▸ Work order
Make an exact copy of the records, dropping all pictures.

▸ Dataset
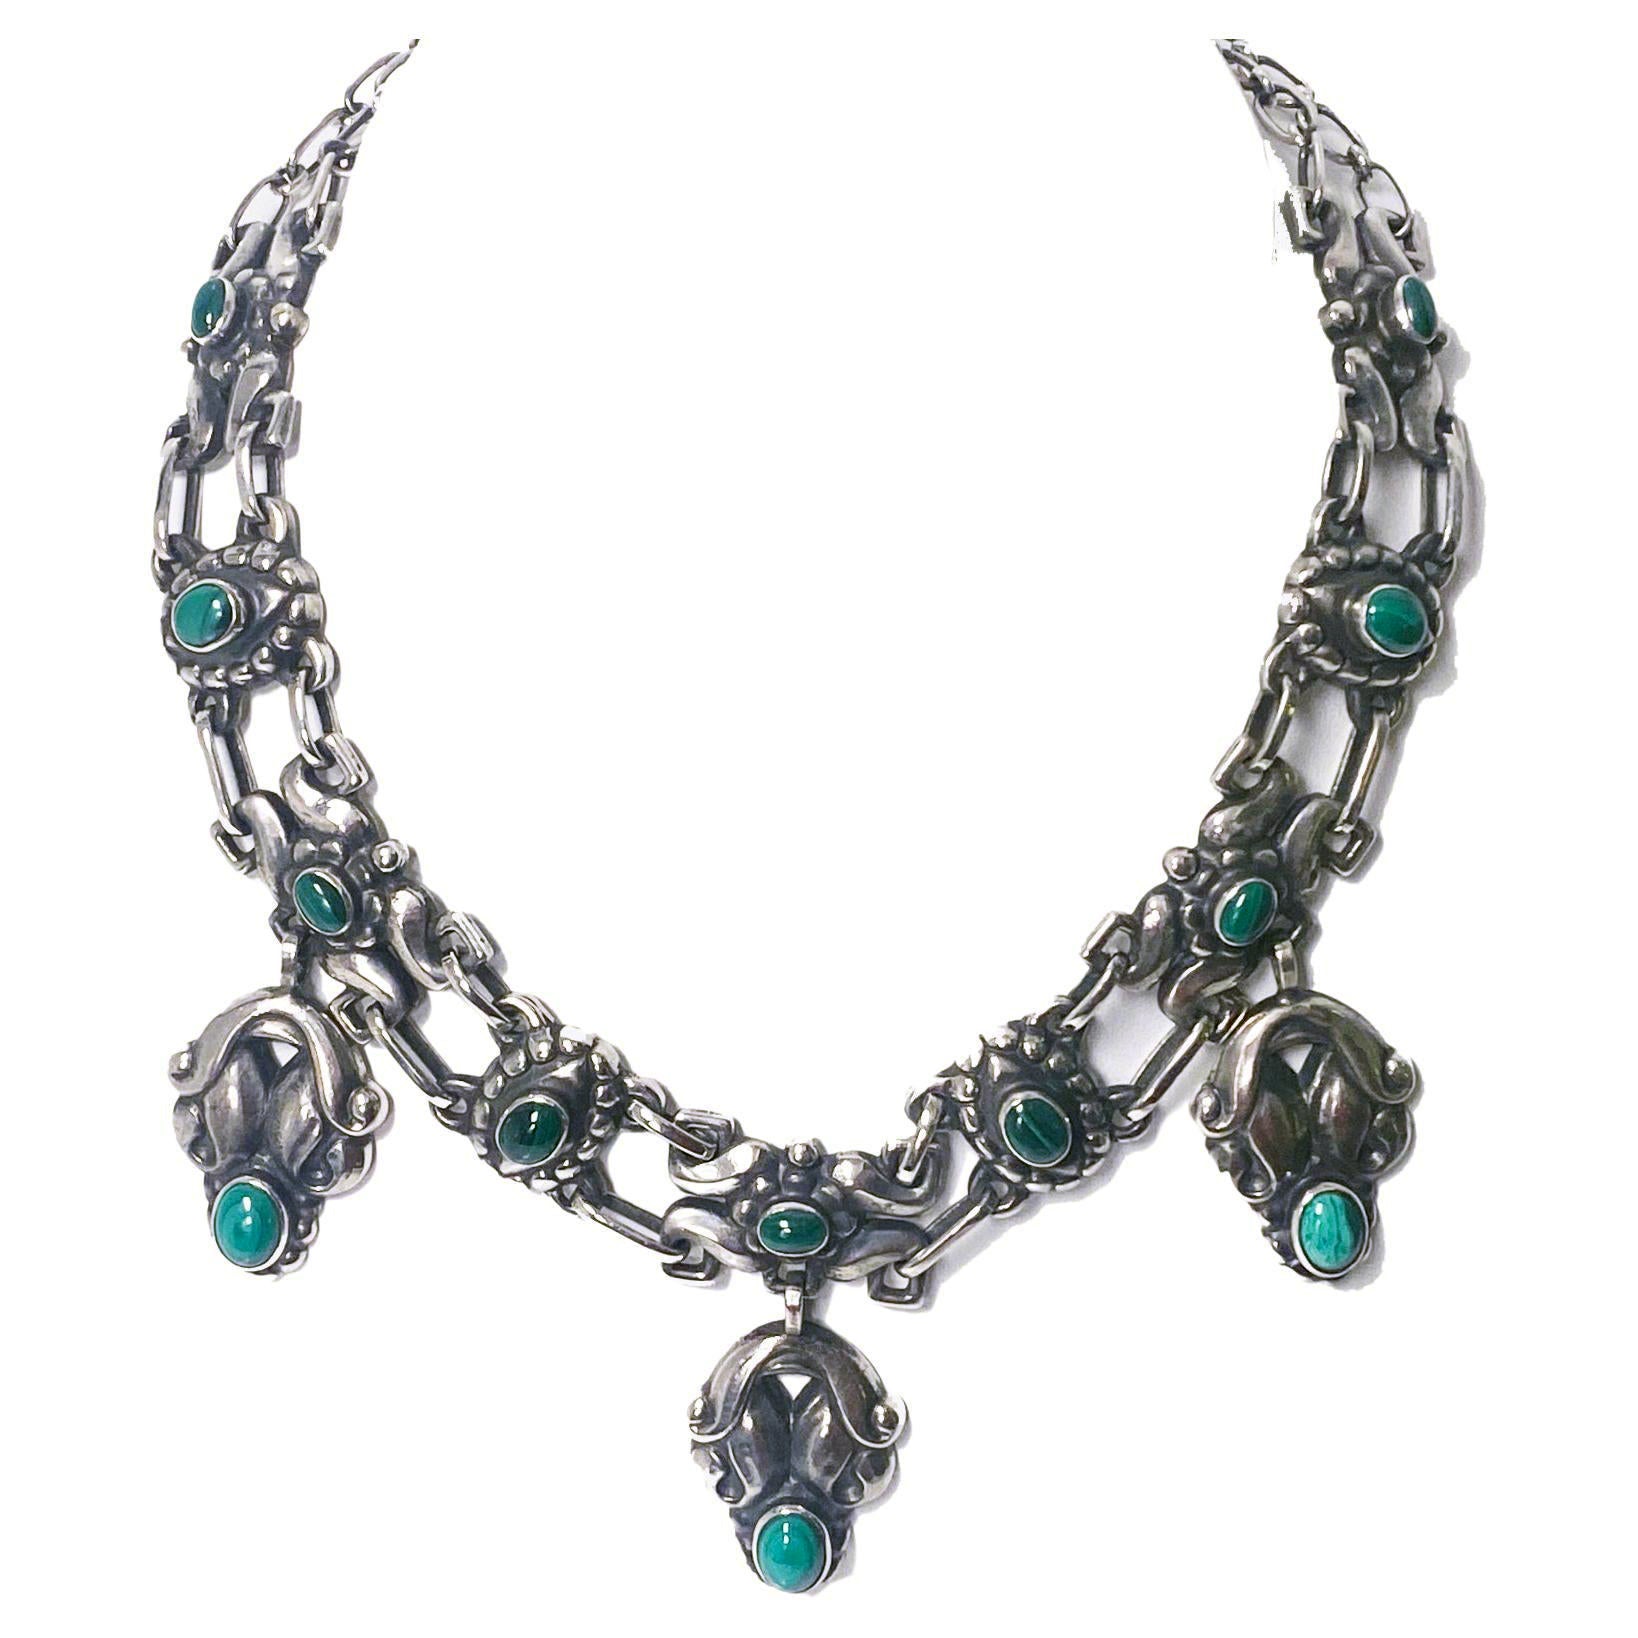 Georg Jensen rare design Silver Malachite Necklace C. 1935, design No. 14
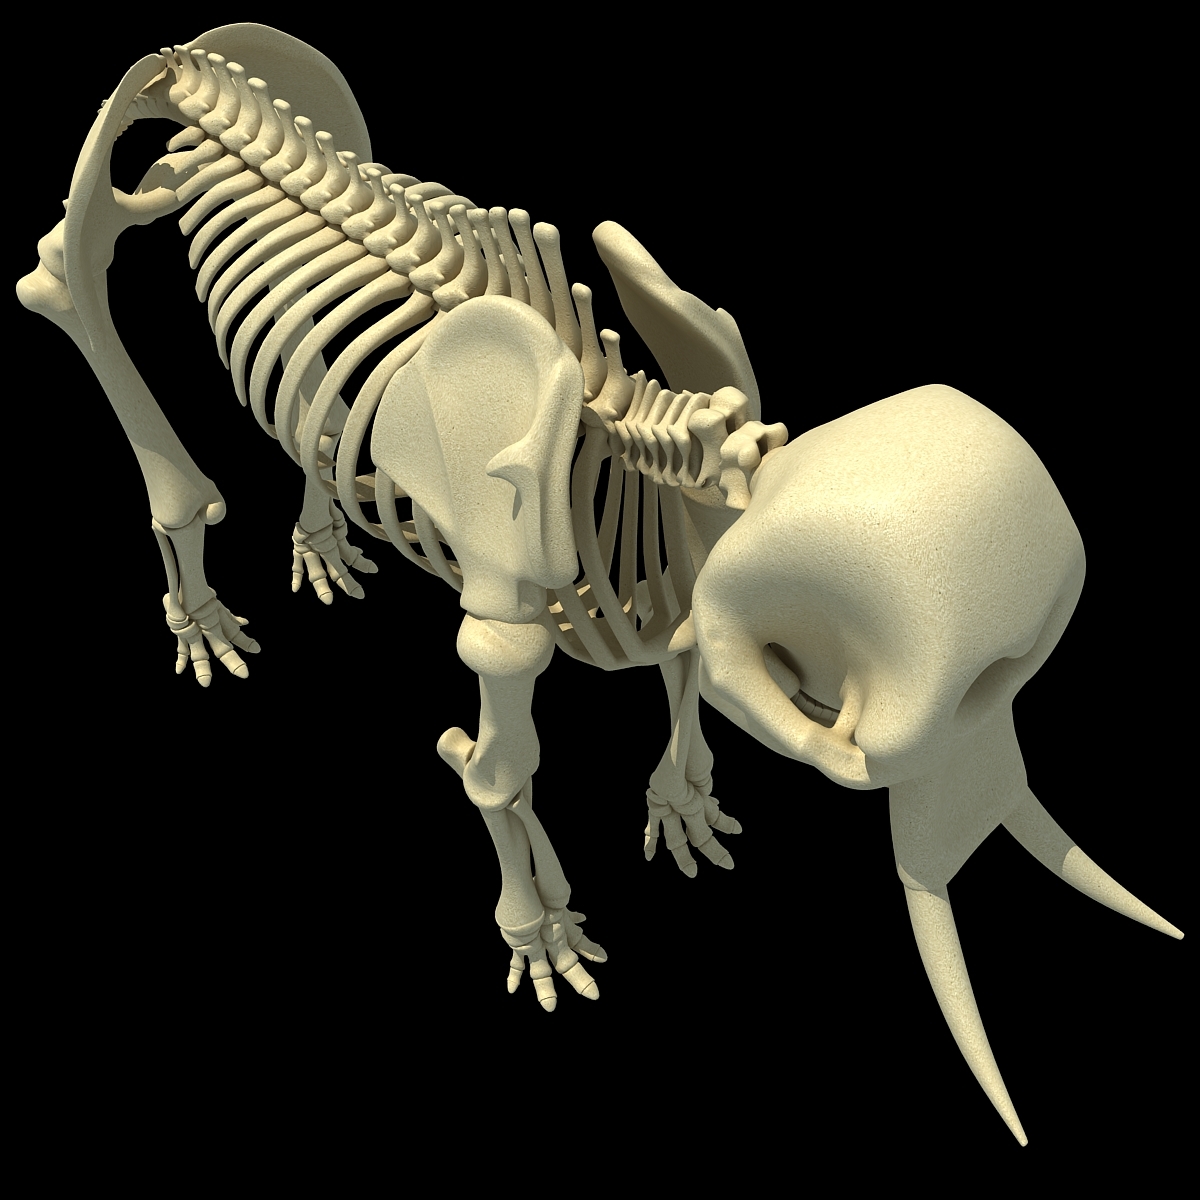 大象骨骼复原图图片
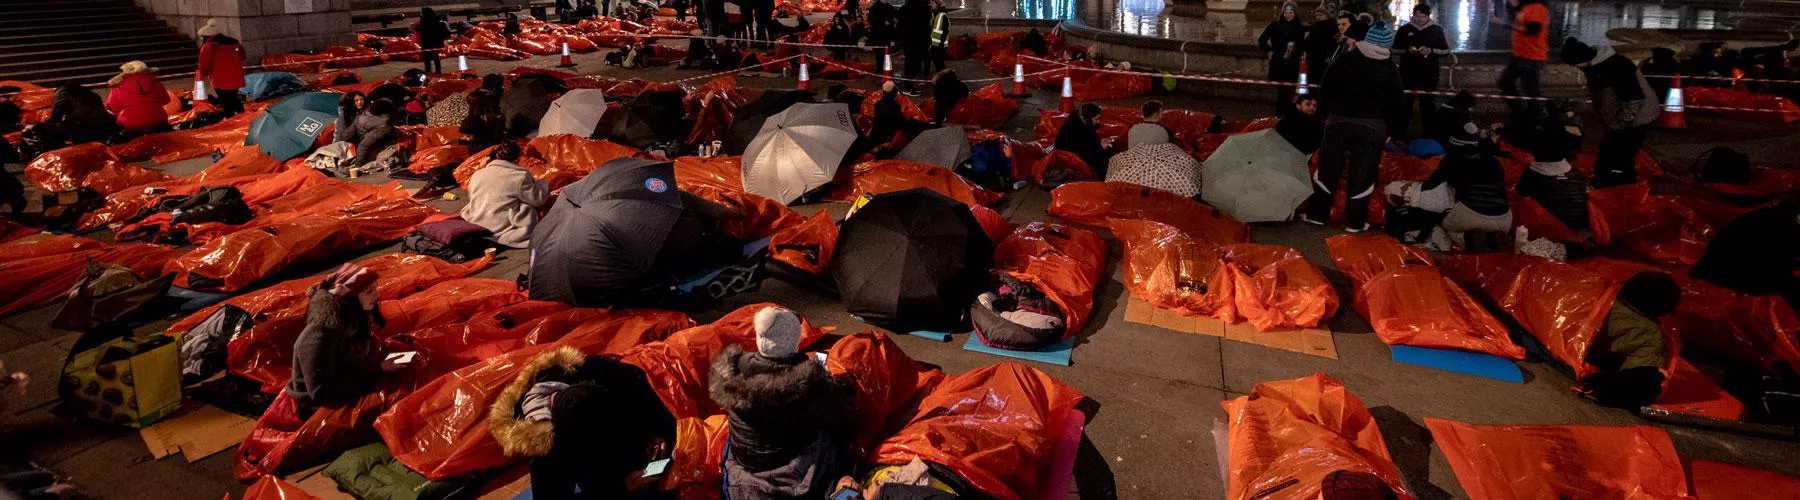 People in orange plastic sleeping bags lie out in Trafalgar Square
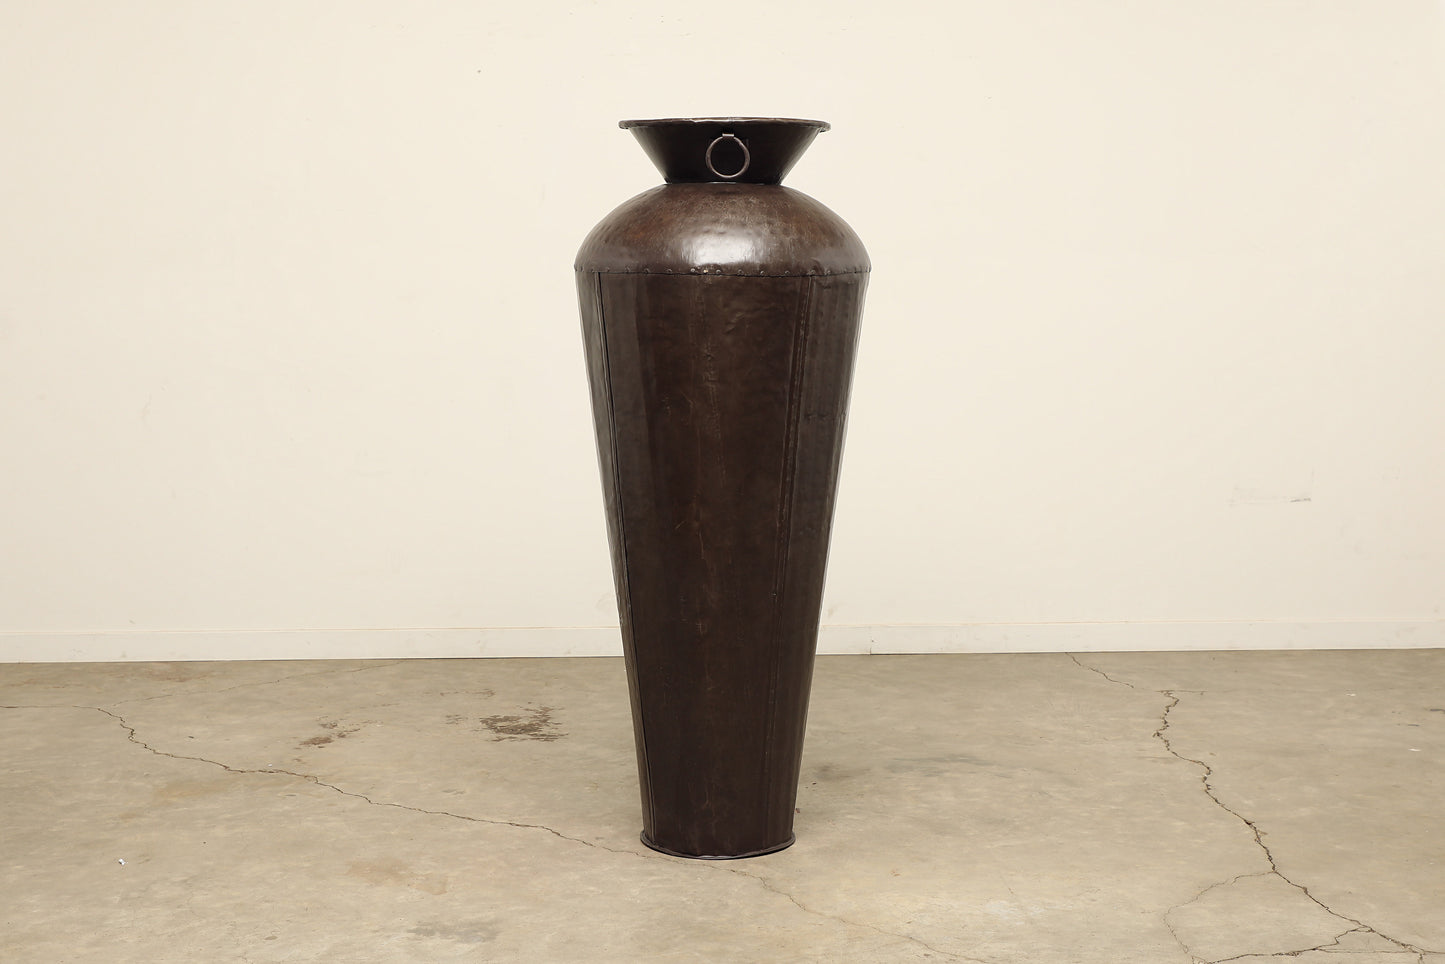 (PP023) Iron Garden Pot - Large (24x24x60)
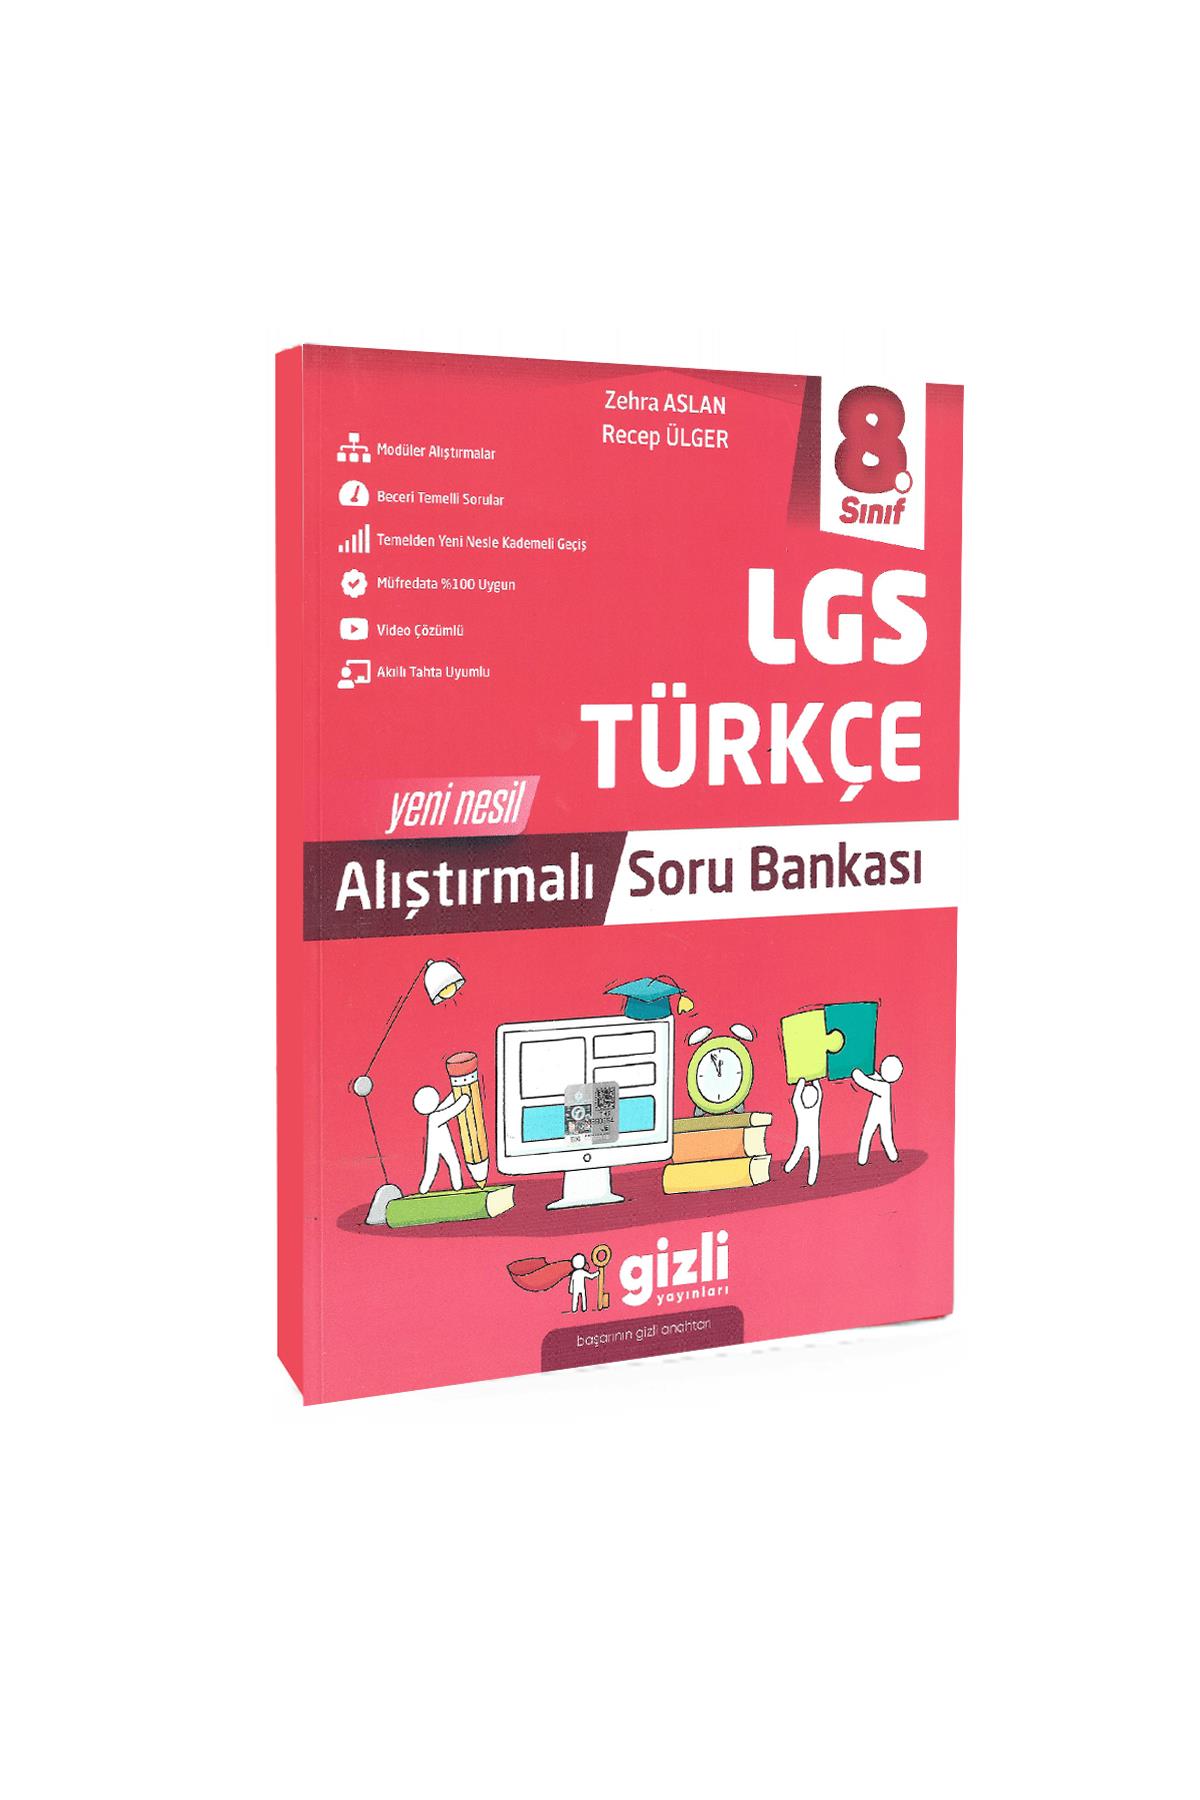 Gizli Yayınları 8. Sınıf Türkçe Lgs Yeni Nesil Alıştırmalı Soru Bankası

▸ Response
 Georg Jensen rare design Silver Malachite Necklace C. 1935, design No. 14
 大象骨骼复原图图片
 People in orange plastic sleeping bags lie out in Trafalgar Square
 (PP023) Iron Garden Pot - Large (24x24x60)
 Gizli Yayınları 8. Sınıf Türkçe Lgs Yeni Nesil Alıştırmalı Soru Bankası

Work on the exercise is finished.